DNA sequence analysis of the 53 human isolates of G. duodenalis showed that 50.9% (27/53) of the isolates belonged to assemblage B, 34.0% (18/53) to assemblage A, 11.3% (6/53) to assemblage E, 1.9% (1/53) to assemblage B/E, and 1.9% (1/53) to assemblage B/D. The bg and gdh gene sequences from the 34 isolates obtained from calves revealed the livestock-specific assemblage E and zoonotic assemblages A and B. Giardia duodenalis assemblage E was found in the majority of the calf isolates (82.3%, 28/34), while assemblages A and B were only found in 11.8% (4/34) and 5.9% (2/34) of the isolates, respectively. The assemblages of G. duodenalis identified from children and calves are shown in Figure 2.

Multiple alignment analysis of representative sequences obtained from assemblages A, B, D, and E revealed distinct sequence differences among the assemblages. A total of eight isolates were simultaneously amplified at these three loci, and subsequent analysis revealed six MLGs (MLG1 to MLG6) of G. duodenalis in children (Table 2).

3.6. Phylogenetic Analysis

Phylogenetic analysis of G. duodenalis isolates was performed using sequences from the bg, gdh, and tpi genes as well as tandem sequences of the bg, gdh, and tpi genes to clarify the evolutionary relationship between assemblage isolates of G. duodenalis.
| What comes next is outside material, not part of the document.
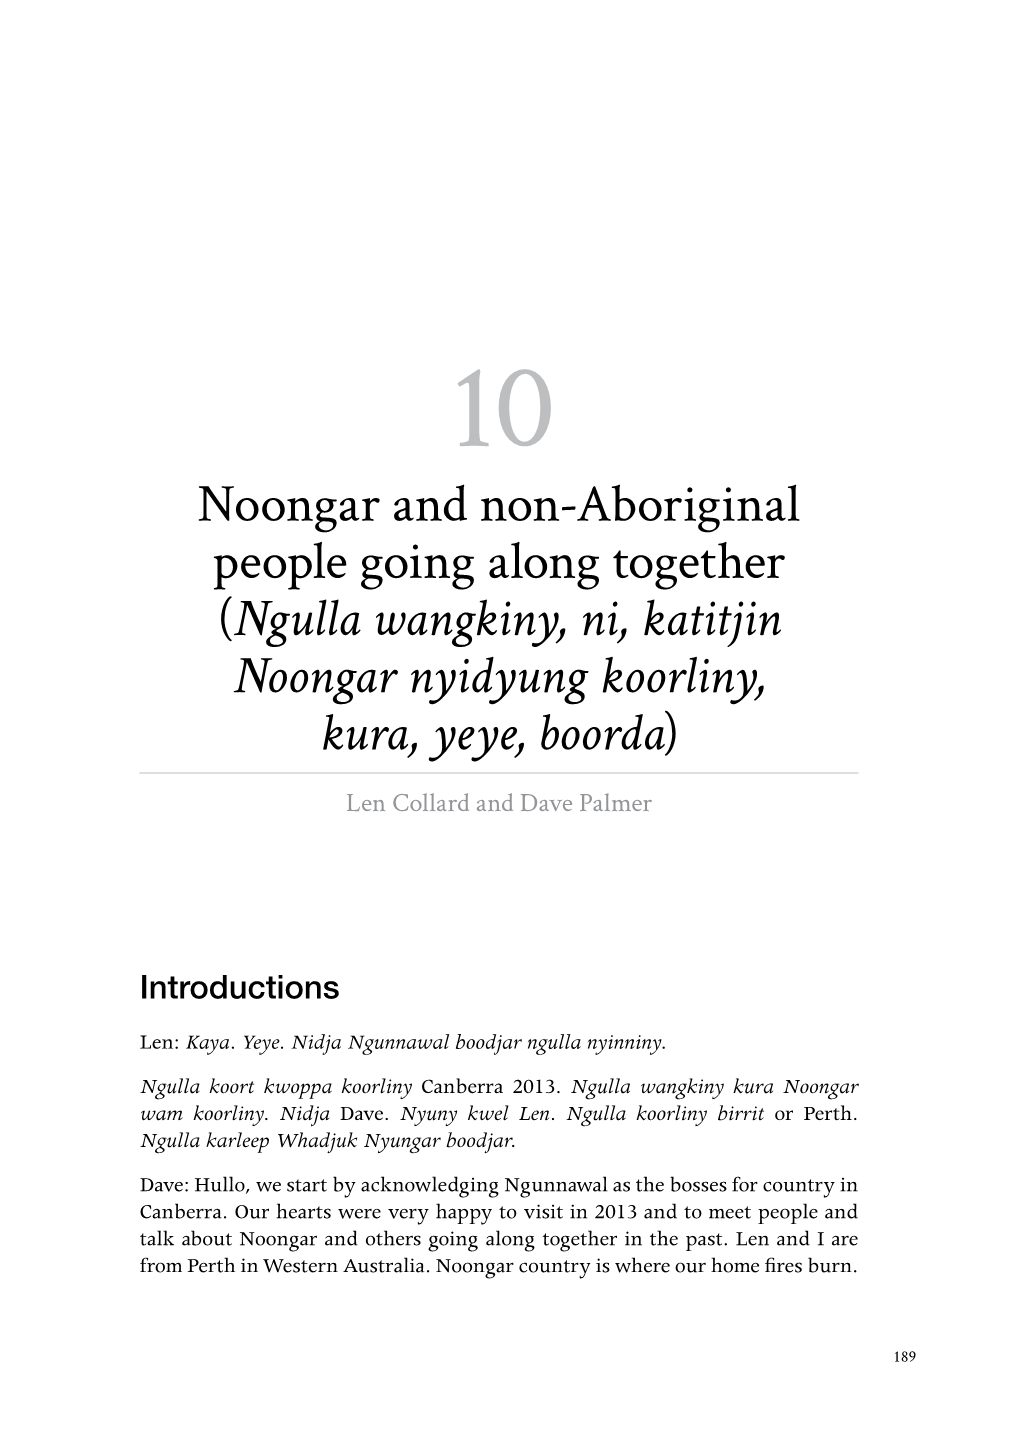 Noongar and Non-Aboriginal People Going Along Together (Ngulla Wangkiny, Ni, Katitjin Noongar Nyidyung Koorliny, Kura, Yeye, Boorda)

For the bg gene sequences, two known assemblage A sequences from children and one known assemblage A sequence from calves were subclustered near the subassemblages AII and AI, respectively. Three known and three novel assemblage B sequences from children, as well as two novel assemblage B sequences from calves, were clustered with assemblage B. One known assemblage D sequence from children and four known assemblage E sequences from calves were clustered with assemblages D and E, respectively (Figure 3(a)).

For the gdh gene sequences, the known assemblage A sequences, one from children and three from calves, were grouped with the assemblage A clade. There were 13 sequences from assemblage B identified from children, including three known and 10 novel sequences that were clustered into assemblage B. In the case of assemblage E, the child isolates belonged to two sequence types: one known and one novel, whereas the calf isolates belonged to two known and three novel sequences, all of which were grouped together (Figure 3(b)).

For the tpi gene sequences, two known and one novel assemblage A sequences from children were clustered with assemblage A. Meanwhile, four known assemblage B sequences and five novel types were clustered with assemblage B (Figure 3(c)). For the tandem sequences of these three genes, the isolates were clustered with assemblage A and assemblage B. The mixed assemblage isolates were clustered between them (Figure 3(d)).

4. Discussion

This study investigated the prevalence, genetic diversity, and zoonotic potential of G. duodenalis in children and calves from Bangladesh. A total of 21.1% (63/299) of the children were infected with G. duodenalis. Fewer infections of G. duodenalis were reported in children from Egypt (11.3%, 66/585) [27], Iran (7.06%, 20/283) [28], and the Netherlands (4.5%, 226/5015) [29]. A very low infection rate (1.56%, 67/4303) was reported among hospitalized children in Turkey [30], and China (0.61%, 14/2284) [31]. However, an infection rate similar to the results of this study was reported in school children (19.3%, 54/280) from Ethiopia [32]. On the other hand, higher infections were also documented in children with malignancy (68.5%, 37/54) in Bangladesh [15].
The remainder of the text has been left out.